2123 Ötesinden Alıntılar:
“ Şüphesiz ki, inananlar kardeştir, öyleyse sınırları kaldırıyoruz.”
Mesih Barış BULUR
Dünya Birliği; sınırların olmadığı, insanların kardeşçe birleştiği ve savaşsız bir dünya için kurulmuştu. Fakat aç gözlü, kibirli, bencildir insan oğlu. Bazıları cahil, zalim, bir davar sürüsü gibi ve hatta daha da şaşkın! İşte böyle olunca insan… İsyancılar denen kanalizasyon serserileri inlerinden çıktılar. Dünya Birliği’nin kalbine kadar girip eskiye göre huzurlu ve mutlu olan dünyayı ateşe vermek istediler.
3. Dünya Savaşı
2085’te Dünya Birliği ile İsyancılar Partisi arasındaki savaş başlamıştı. Benim çapulcu, Dünya Birliğinin ise İsyancı dediği yer altındaki duman altı insanlar…Kardeşimi kaçırıp bileğine kazıdıkları dövmeyle mini 3. Dünya savaşını başlatmışlardı. Daha doğrusu bu bir savaş değil de, bir Aslanın çakıl taşları arasındaki bir karıncayı mideye indirme mücadelesi olacaktı.

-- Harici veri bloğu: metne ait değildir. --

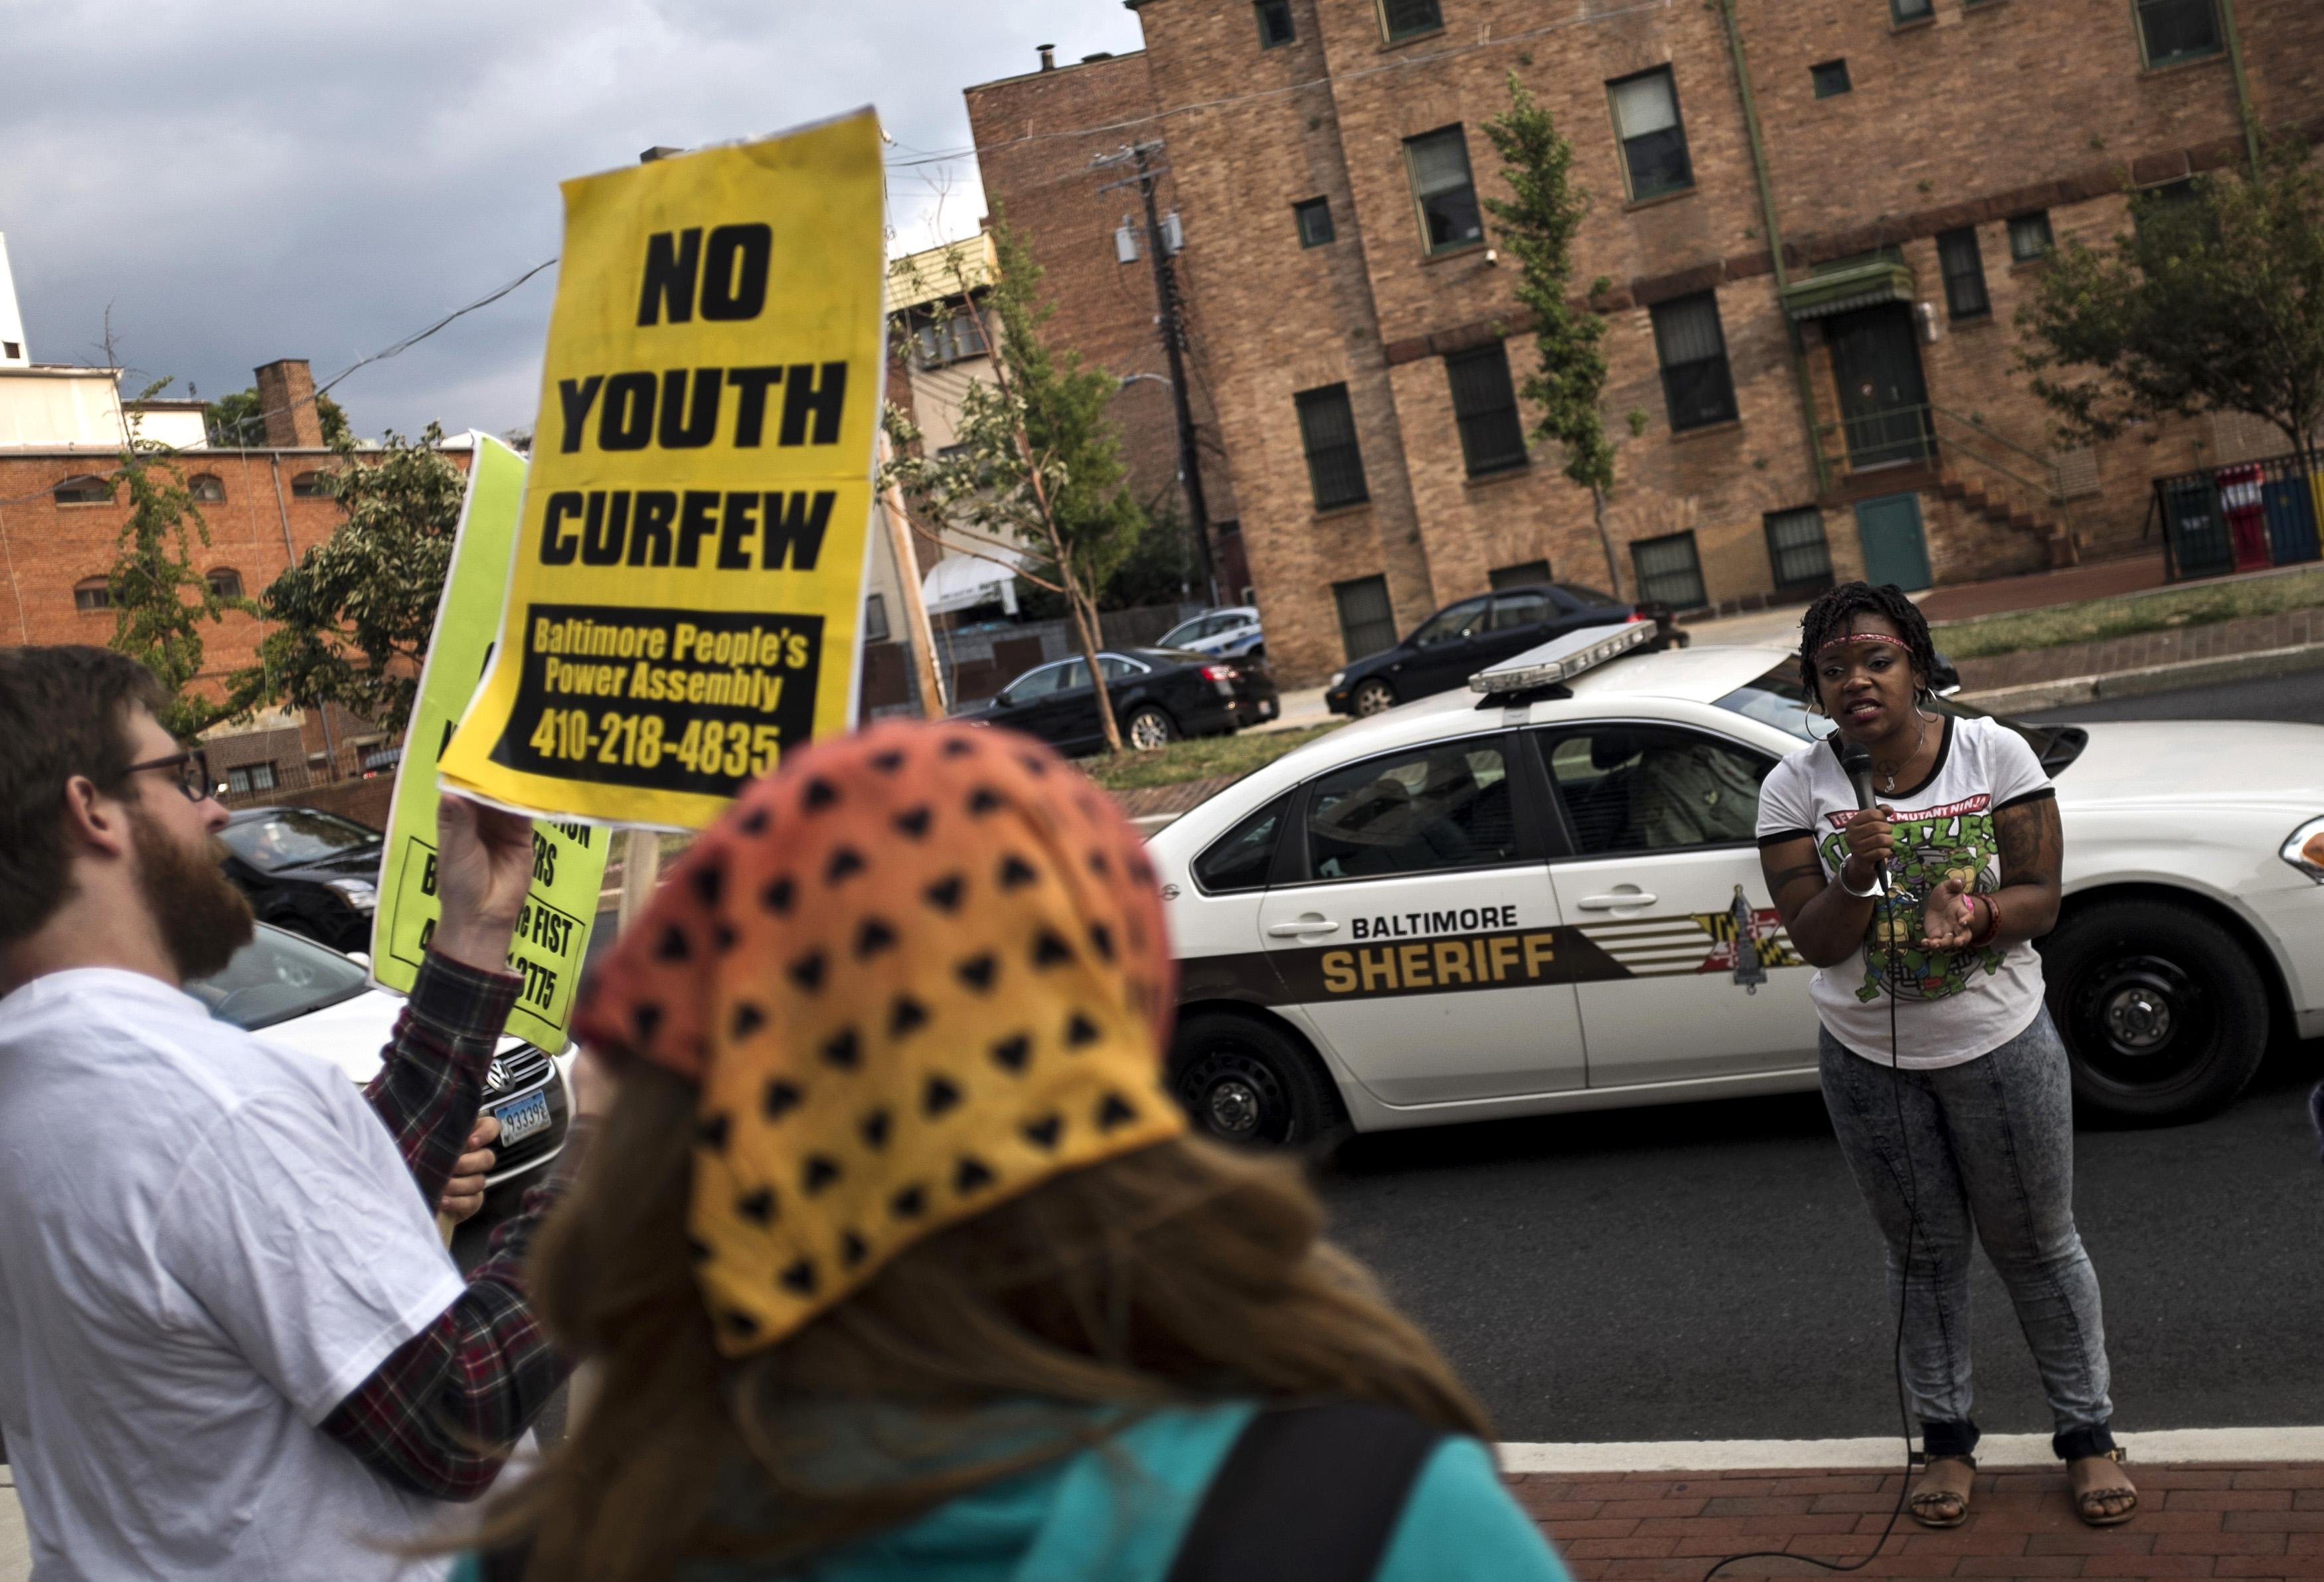 Protesters demonstrate before community meeting with city officials about new youth curfew legislation in Baltimore

Yani deveyi iğne deliğinden geçirmek sonrada samanlık o iğneyi aramak gibi bir şey. Yani çakıl taşları arasındaki bir karınca bir aslan için avlanamayacak kadar zayıf bir avdır! Ama avlanamayan asaln açlıktan ölür. Yani isyancılar yakalanamazsa Dünya Birliği gibi bir devin sonu gelebilirdi.
İnsanın Düşmanı
Yıllardır küçük eylemlerle Dünya Birliğinin dikkatini çekmeye çalışan isyancılar… Vur kaç yapıp insanların canını yakacak ve Dünya Birliği de onların peşine düşecekti. Masum insanlar ölecek analar üzülecek, çocuklar öksüz mü kalacaktı.
Ama Yaratan asla kullarına zulüm etmez. İnsanın düşmanı insandır!
Geleceği yalnızca Zamanı yaratan bilir. Bizim ki bir kulun ilhamıdır.
Bu yaz Düş Mühendisi 2085 ve Düş Mühendisi 2123’ün genişletilmiş yeni baskılarını yapmayı planlıyorum, hele şu zorlu kışı bir atlatalım inş…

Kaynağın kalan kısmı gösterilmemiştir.